Cilostazol is a selective inhibitor of phosphodiesterase type 3 (PDE III inhibitor). It has a therapeutic focus on the inhibition of phosphodiesterase activity and suppression of cAMP degradation, resulting in increased cAMP in platelets and blood vessels and leading to inhibition of platelet aggregation and vasodilation [34]. Cilostazol is indicated for the treatment of intermittent claudication in patients with PAOD [35, 36]. In recent years, cilostazol has been used for the secondary prevention of brain infarction through its antiplatelet antithrombotic effects [37]. Furthermore, some studies have shown that cilostazol can prevent the proliferation of smooth muscle cells, consequently increasing peripheral blood flow and insulin sensitivity by reducing inflammation [35, 38]. However, insufficient data are available to explain whether cilostazol increases the functional status of the involved lower extremities, improves primary patency in patients with CLI, as well as subsequent improvement in quality of life, and reduces the occurrence of adverse cardiovascular events and all-cause mortality. This study comprehensively demonstrated that cilostazol treatment for more than 3 months improved the 6-, 12-, 18-, and 24-month primary patency, subsequently promoting wound-healing and decreasing the risk of LEA as compared with cilostazol treatment for at most 3 months. Notably, recent studies reporting that cilostazol treatment may improve stent patency in coronary or peripheral arteries [16, 17, 19] were in accordance with our preliminary findings; that is, cilostazol treatment can improve the primary patency and further decrease the LEA and mortality rates in patients with CLI and DM.

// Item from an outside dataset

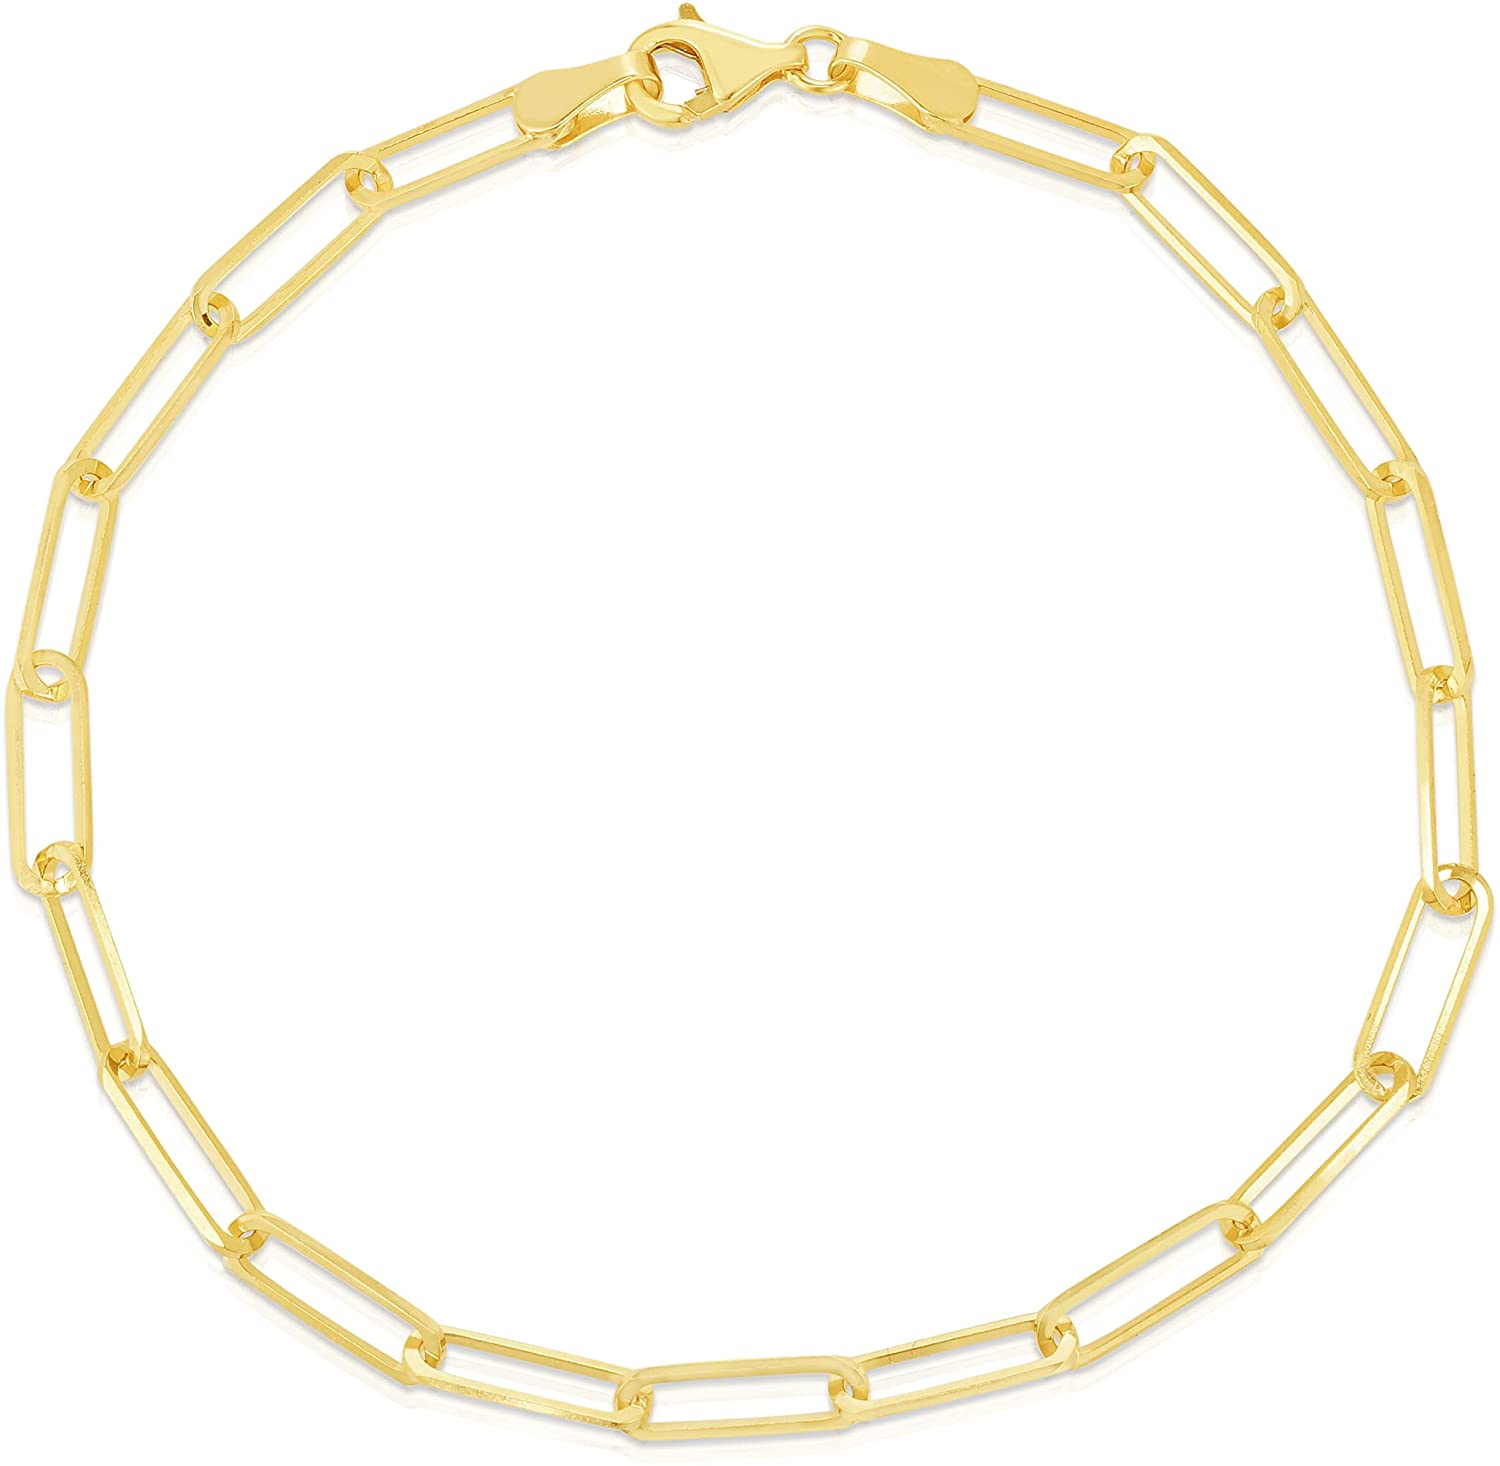 10k Yellow Gold Paperclip Link Bracelet or Anklet

Another concern was the role of supervised exercise in patients with CLI and DM. Numerous studies have indicated that exercise rehabilitation improves the functional outcomes and peripheral circulation of patients with PAOD presenting with intermittent claudication [39, 40]. The 2016 ACC/AHA guidelines state that exercise plays a key role in the treatment of claudication, with substantial improvements reported in functional status [41]. This guideline supported our results that a supervised exercise program was an independent factor influencing the 24-month primary patency, which consequently may have decreased the LEA risk in patients with DM and CLI (Fig. 2, Table 3, and Supplementary Tables 1 and 2).

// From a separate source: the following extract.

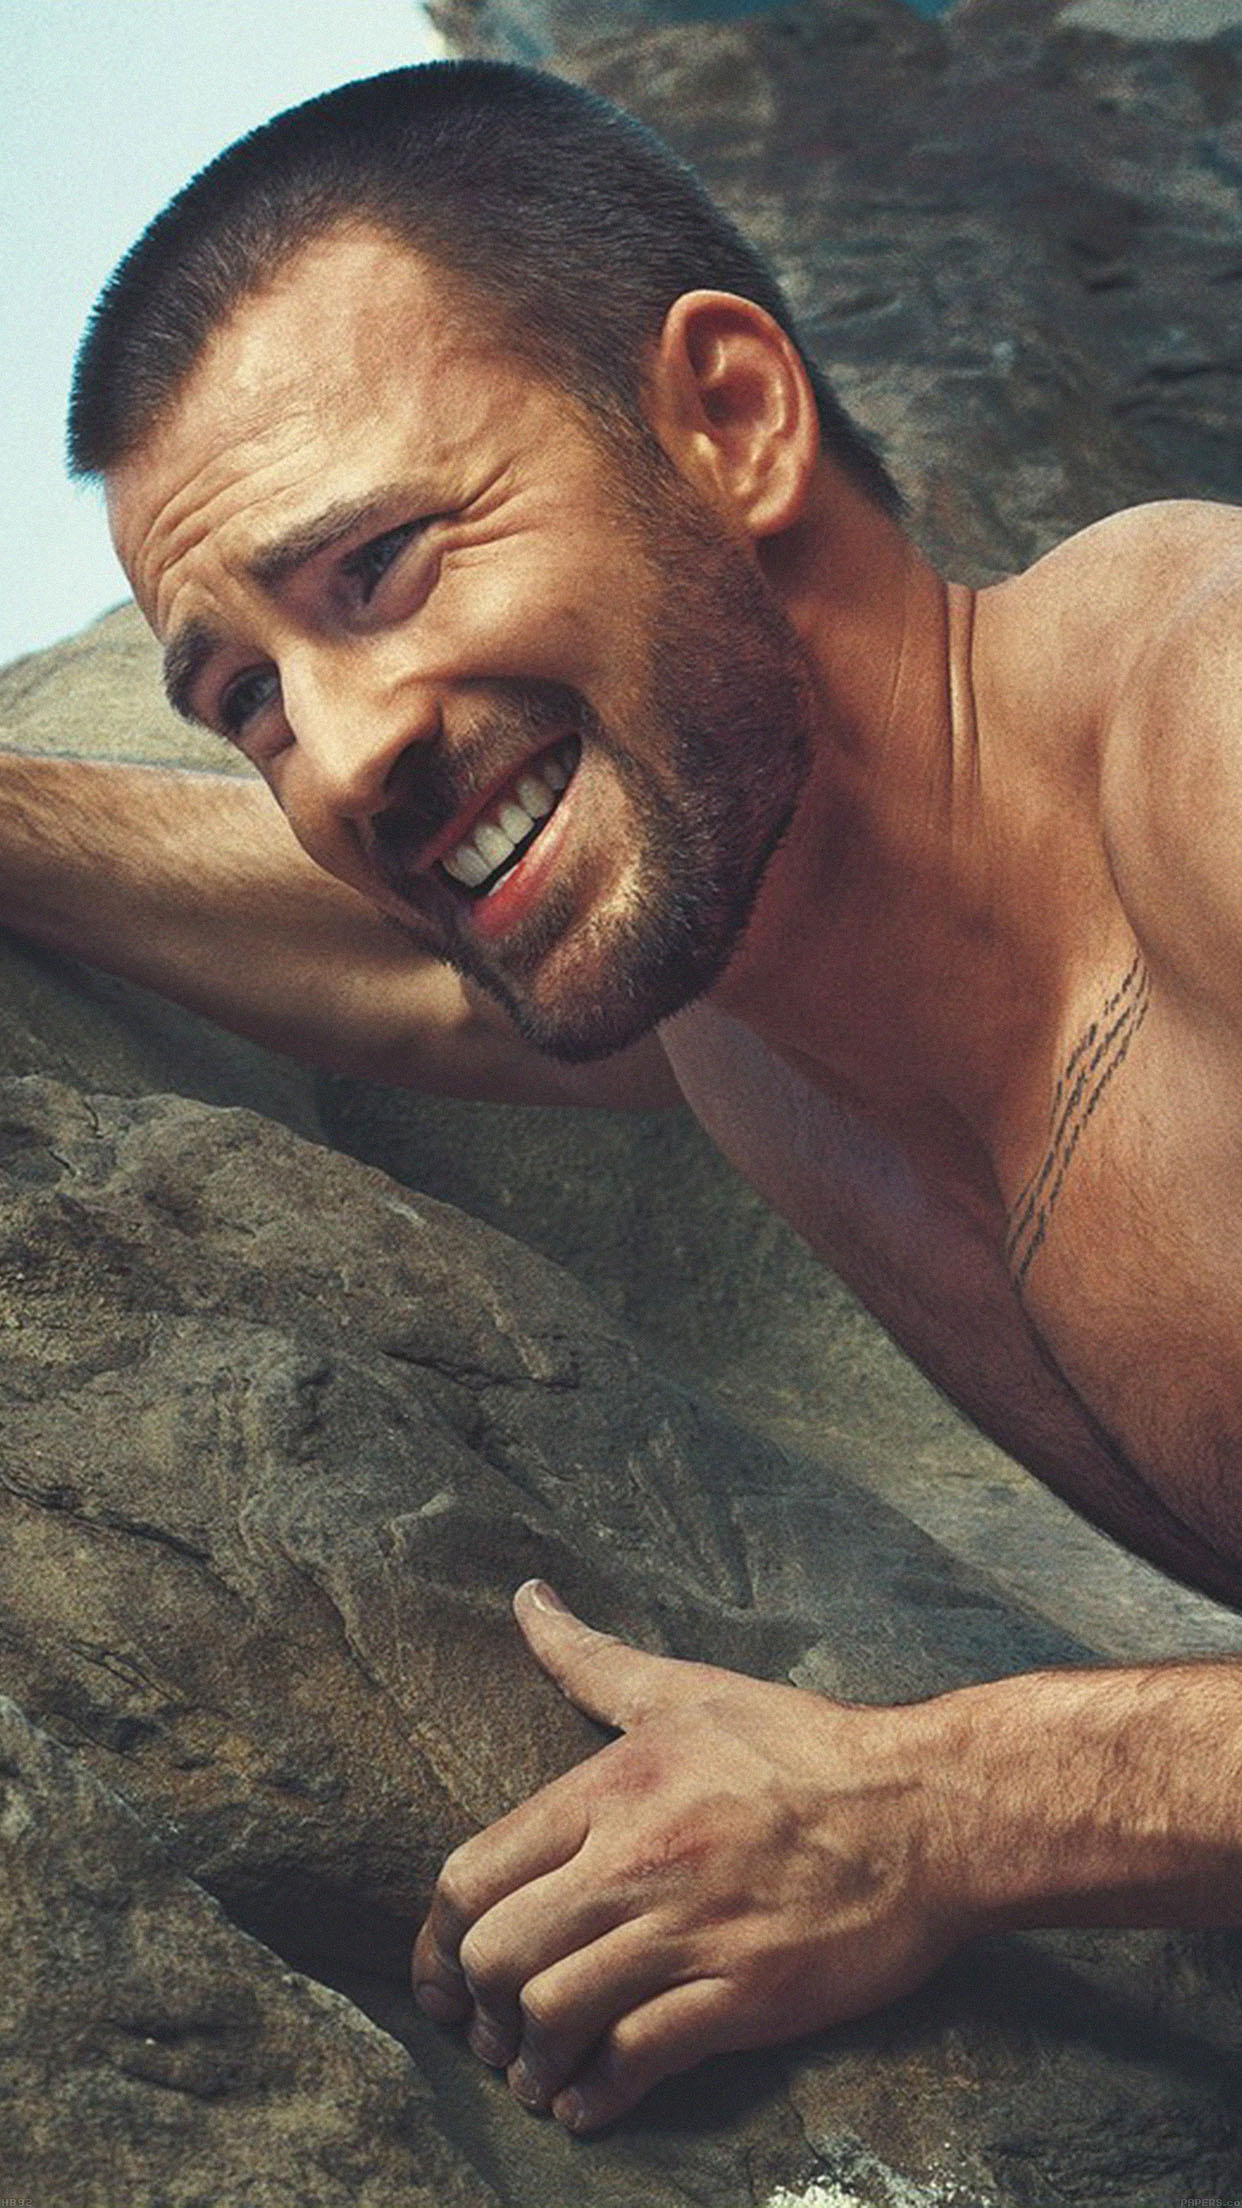 Chris Evans Rock Climbing Star Android wallpaper

Another concern was revascularization based on the angiosome concept. Some studies have shown that the improvements of wound-healing and the major amputation rate after IR in the presence of collaterals were similar to the outcomes after DR in patients with CLI [16, 17, 19, 42]. Accordingly, our results indicated that DR based on the affected angiosome is an important factor affecting the primary patency and decreasing the risk of LEA.
People with DM and CLI are susceptible to foot problems, manifested as several characteristic pathologies such as infection, neuropathy, diabetic foot ulcer, ischemic pain, and gangrene change, which cause poor blood circulation to the lower limb, finally leading to amputation. Some studies have reported that CLI combined with diabetic foot ulcer is a major cause of morbidity, accounting for approximately two-thirds of all non-traumatic amputations performed in the USA [43, 44]. The causes of amputations are multifactorial, and diabetic neuropathy and cellulitis were independent predisposing factors associated with the risk of LEA according to the results of weighted multivariate Cox analysis. Diabetic neuropathy is nerve damage or dysfunction, frequently resulting from poor control of a high sugar level and subsequent impairment of microcirculation. Nerve damage usually decreases the peripheral sensation in the lower limbs, which can cause unnoticed injuries of the foot, manifested with skin ulcers or infections. In this study, of the 81 patients with diabetic neuropathy, 72.8% (59) had LEAs (P < 0.001, Supplementary Table 1). Neuropathy, intractable infection, and severe PAOD may compromise microcirculation and macrocirculation of the lower limbs, breaking down the tissue and finally leading to amputation.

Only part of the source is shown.